Now where did I learn how to do that? he found himself wondering.

“I am Chraluuc,” she told him. “It hass been given over to me to watch over you.”

Or just watch me? he mused. “I am Flinx,” he told her without thinking. “You flourish no subjunctives?” He seemed to know a great deal about these creatures, he reflected.

She dipped her head slightly. “We of the Tier do not desscribe our sstatuss or family possitioning by meanss of ssuch antiquated frivolitiess. We believe that there are better wayss of judging an individual.” Her attentive, reptilian gaze rose again to meet his. “ ‘Flinx’ will work very well among uss. Unlike many human namingss, it iss not difficult to pronounce.” From the depths of her robe she withdrew a small, tapered flask. Like the ceiling and his robe, it too was lavishly decorated with embroidered swirls and ornamenting motifs.
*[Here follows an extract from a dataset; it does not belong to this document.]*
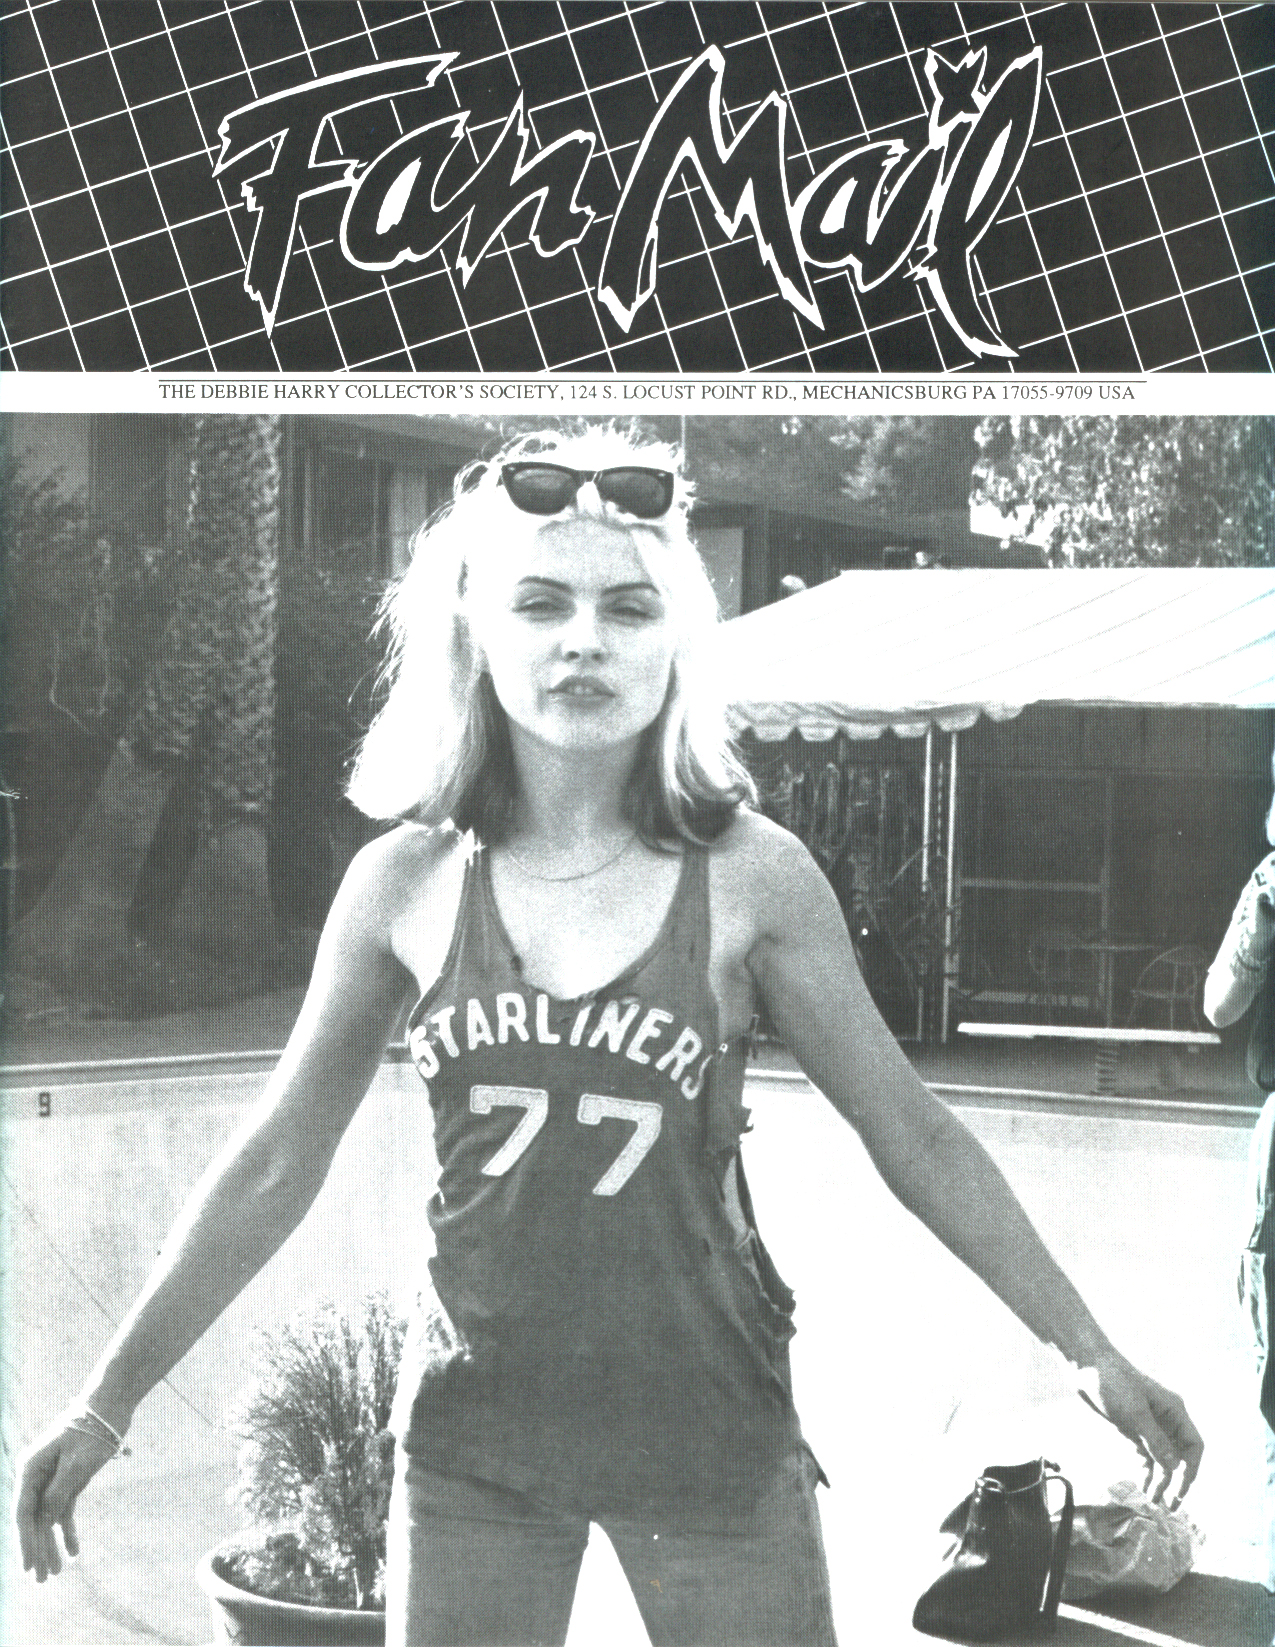 Fan Mail was the newsletter of the Debbie Harry Collector's Society.

Taking the flask, he sniffed of it hesitantly. His caution was misplaced, he decided promptly. If these people had meant to do him ill, they could simply have left him where he had passed out next to the creek that had been
rife with expectant predators. The bouquet emanating from the bottle was piquant and inviting. Raising it to his lips, he started to sip.

Hissing the AAnn version of laughter, Chraluuc rushed to grab his wrist. “No, no. Tuyy iss not for drinking.” Stepping back, she mimicked turning the bottle sideways against herself and urged him to do likewise. Imitating her example, he inhaled the resultant fragrance as a few drops of the liquid emerged from the stylish container to spread against his skin. Clearly, while he knew a great deal about his saviors, there was much he didn't know.

He had nearly taken a hearty swallow from a perfume applicator.

He had the grace not to ask whether it was being offered as a gift or a perceived necessity. With his mammalian odor suitably masked by the bottle's contents, she led him through the rear doorway and out of the glass-walled chamber.

They emerged into an open courtyard flush with local flora and fauna. In a trio of cages, what appeared to be long, colored tubes rose and fell according to the amount of air contained in their lifting sacs. Peering closer, he was able to make out tiny eyes. What at first glance looked like paper-thin, membranous wings were in fact ears. As they passed the gauzy cages, the delicate captives within began to sing. Their dulcet trills lingered in his ears as he followed close on the heels of his long-striding guide.

Grouped around the central courtyard were several clusters of whitewashed buildings. None rose higher than two stories above the surrounding desert terrain. Occasionally they would encounter other AAnn similarly clad in free-flowing robes such as the one he now wore. While their expressions as they glanced in his direction were usually neutral, their emotions often were not. Reaching out with his talent, he sensed curiosity, anger, hunger,
contempt, repressed fury, and a host of other sentiments directed his way. The overriding feeling he received was one of guarded curiosity.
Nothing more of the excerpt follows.